Glenn Dranoff, M.D., an associate director of CRI’s Scientific Advisory Council who recently was hired by the drug company Novartis to head their Immuno-Oncology division, has also experimented with a version of GVAX, in advanced melanoma. A challenge has been how to elicit an immune response against melanoma using this vaccine without at the same time eliciting the activity of regulatory T cells (Treg), which dampen the incipient immune response. It turns out that the GM-CSF that is a component of GVAX not only provides growth signals to antigen-presenting cells, but also supports the development of Tregs. Dranoff’s group has been experimenting with a new platform for the vaccine that involves implanting it in a subcutaneous polymer scaffold to create a protecting microenvironment and to which additional molecules are added that downregulate the Treg circuit and shift the immune response in the direction of cancer killing.
Yet more vaccine work came from Drew Pardoll, M.D., Ph.D., a former CRI investigator award recipient who is now a professor at Johns Hopkins and a member of our Scientific Advisory Council. Pardoll presented work from his lab showing that the GVAX vaccine can be made more potent by incorporating bits of DNA that serve as PAMPS, or pathogen-associated molecular patterns, into it. This modified vaccine is known as STINGVAX, and studies in mice show that it can be combined with checkpoint blockade therapy to cure mice of their cancers in many cases. Though still in preclinical stages, there is much interest in this research as a way to create a more effective vaccine for patients.

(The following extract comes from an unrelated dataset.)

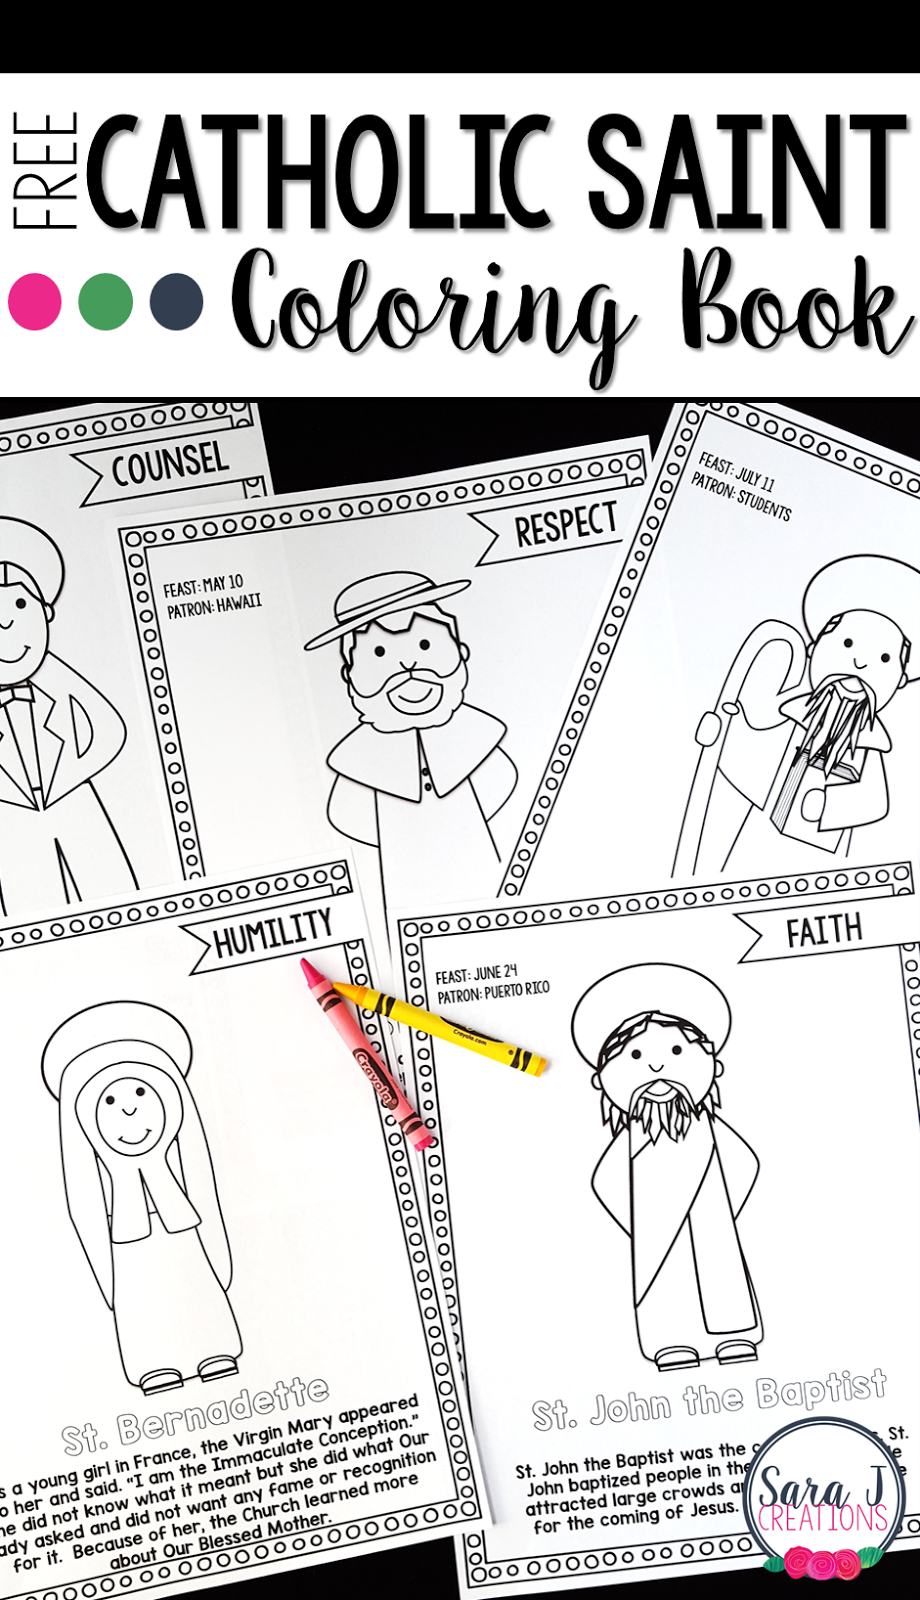 Catholic Saints Coloring Book FREE sample Great way to teach the virtues through the

Finally, James Allison, Ph.D., director of our Scientific Advisory Council, presented work showing how the response to ipilimumab (anti-CTLA-4) checkpoint blockade therapy can be boosted, in mice, by combining it with an oncolytic virus genetically modified to contain a molecule that stimulates a signaling pathway on T cells called ICOS. Previous work by Allison and others had shown that, in patients who respond to ipi, their T cells often expressed higher levels of ICOS—providing a rationale for trying to target this pathway in non-responders.
With all of these approaches, the goal is to increase the number of cancers that respond to immunotherapy. Experience with melanoma, lung cancer, kidney cancer, and a few others has shown us that the immune system is—perhaps uniquely—capable of achieving long-lasting remissions of advanced cancers. Yet only a fraction of patients treated with currently available immunotherapies respond to them. The challenge now is to figure out how to unleash and strengthen the power of the immune response to turn more non-responders into responders.